# MATERIAL SUPPLIED

--------------------

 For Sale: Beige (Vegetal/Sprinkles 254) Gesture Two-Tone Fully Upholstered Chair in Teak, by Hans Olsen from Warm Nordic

--------------------

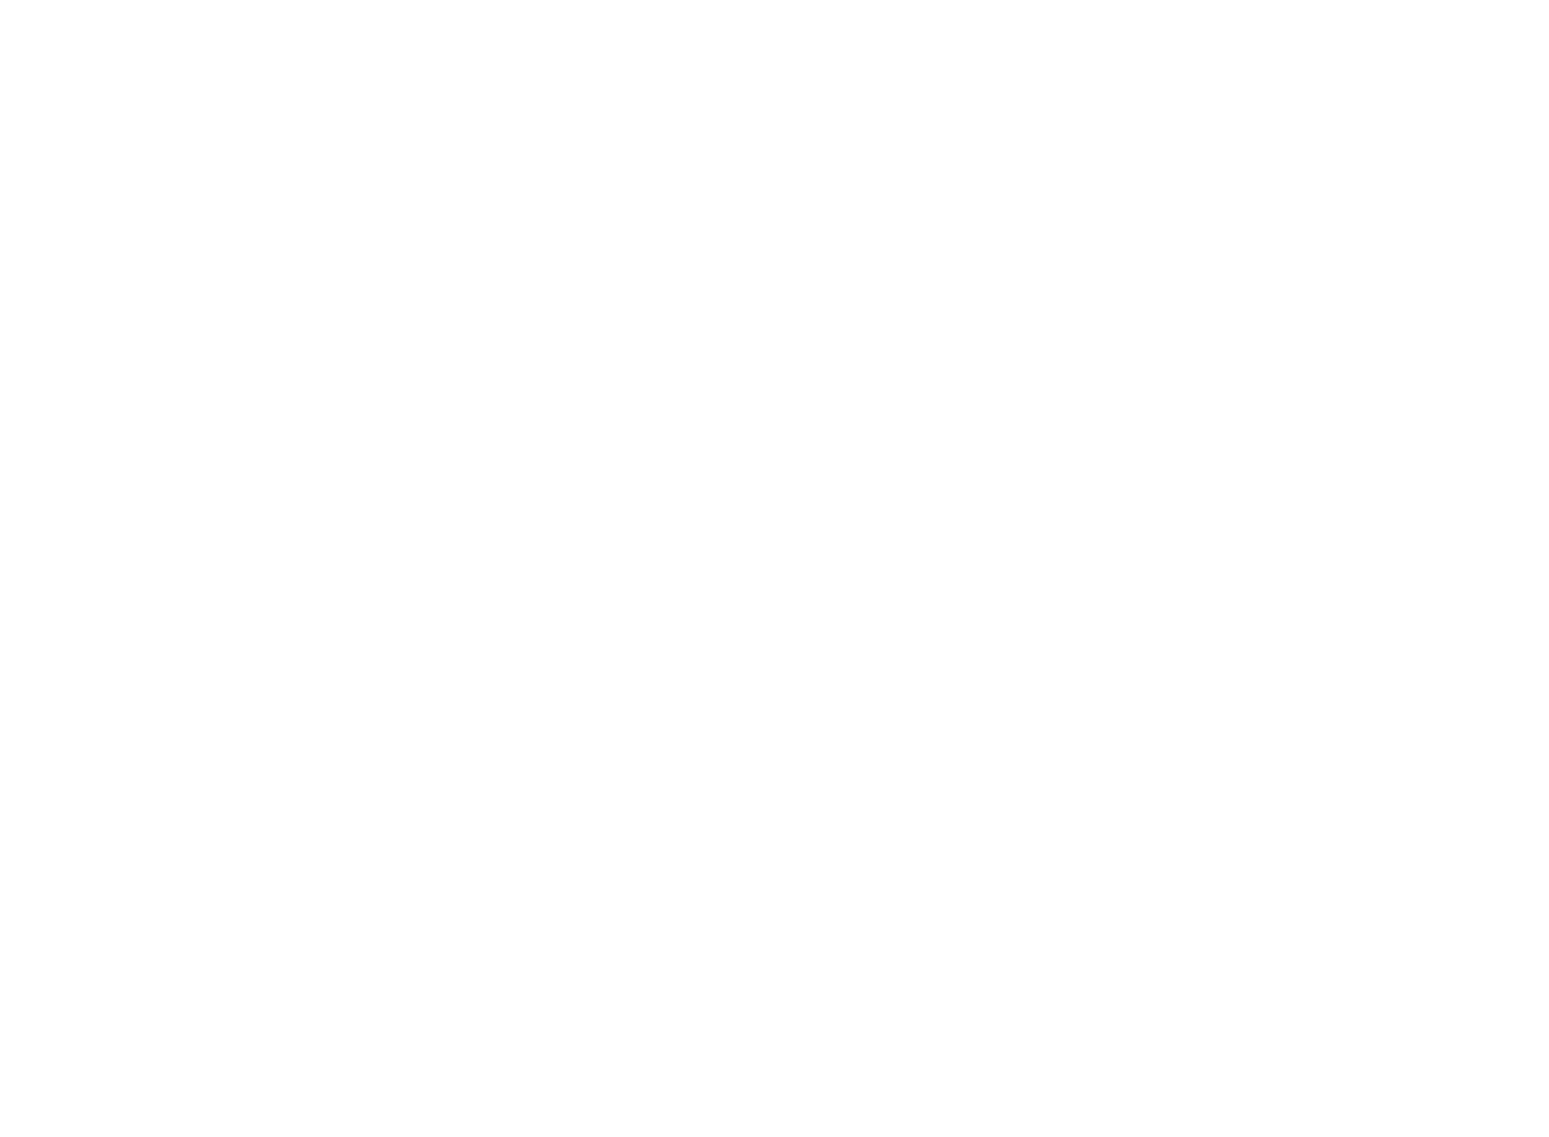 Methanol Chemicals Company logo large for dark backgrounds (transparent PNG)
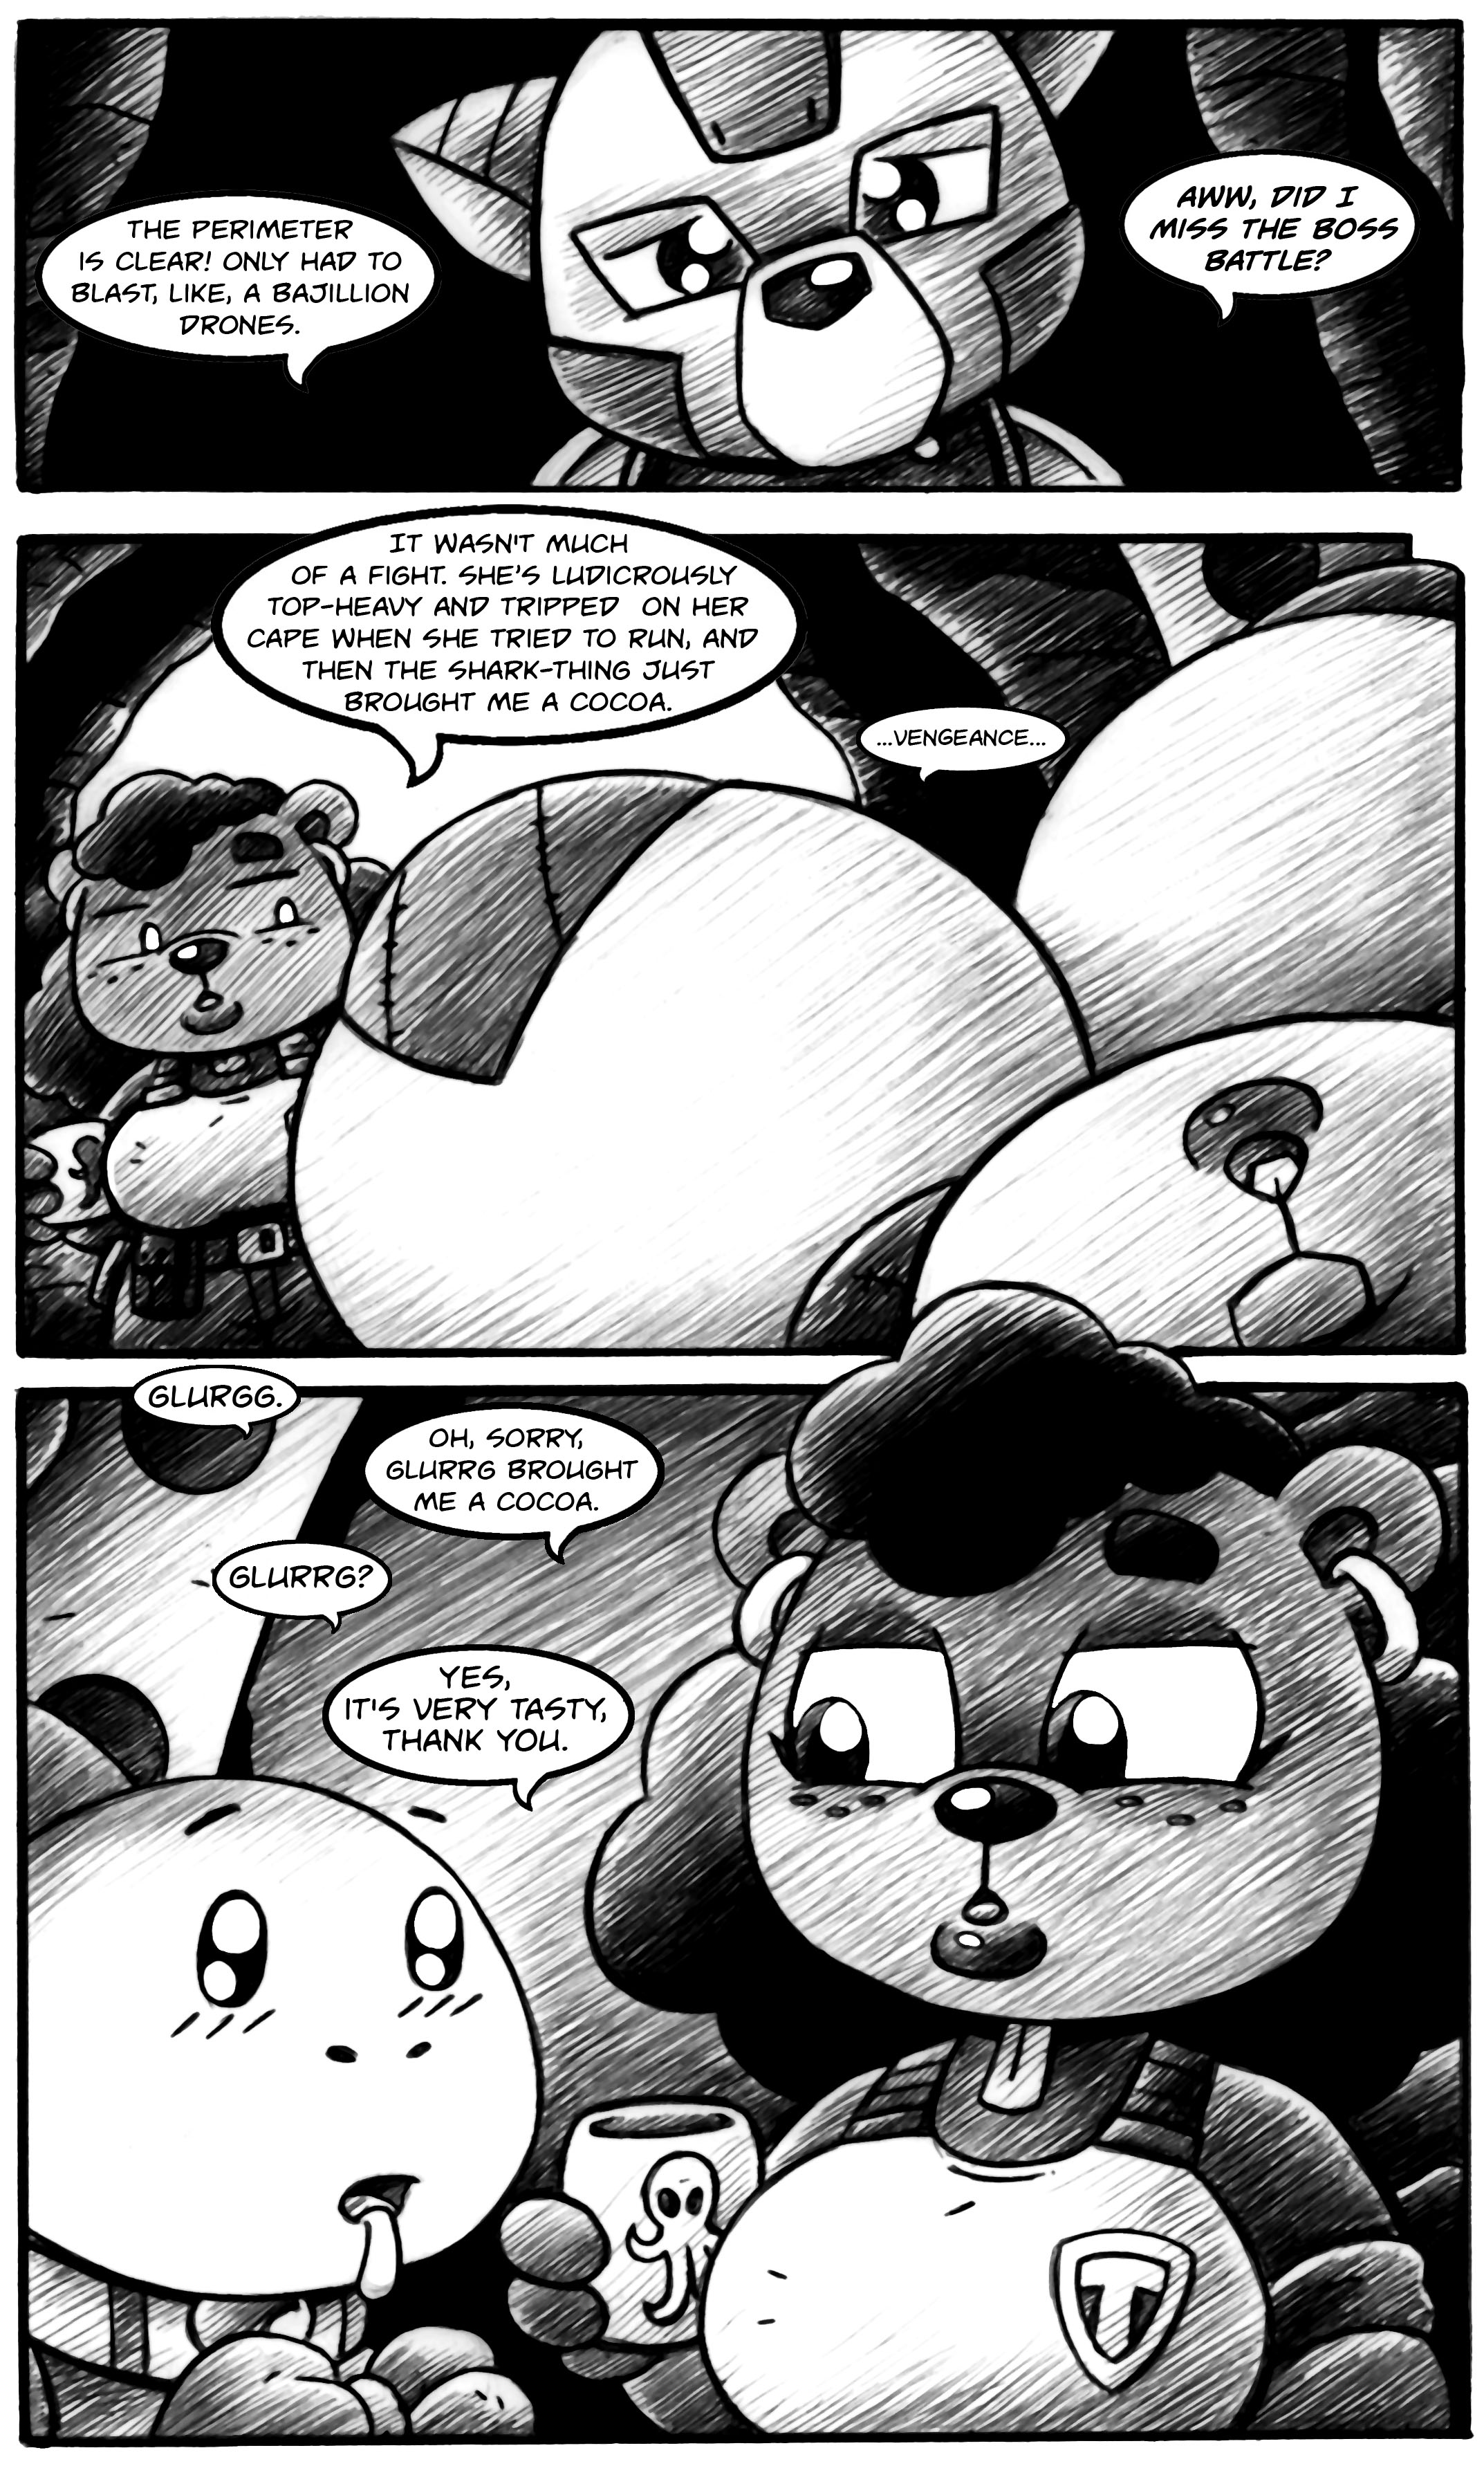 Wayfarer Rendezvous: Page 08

--------------------

# TASK ITEM
What you return from the records above should be exactly everything from the line with "Methanol Chemicals Company" down to the line with "Wayfarer Rendezvous: Page 08", both kept, and no pictures.

# TASK SOLUTION
 Methanol Chemicals Company logo large for dark backgrounds (transparent PNG)
 Wayfarer Rendezvous: Page 08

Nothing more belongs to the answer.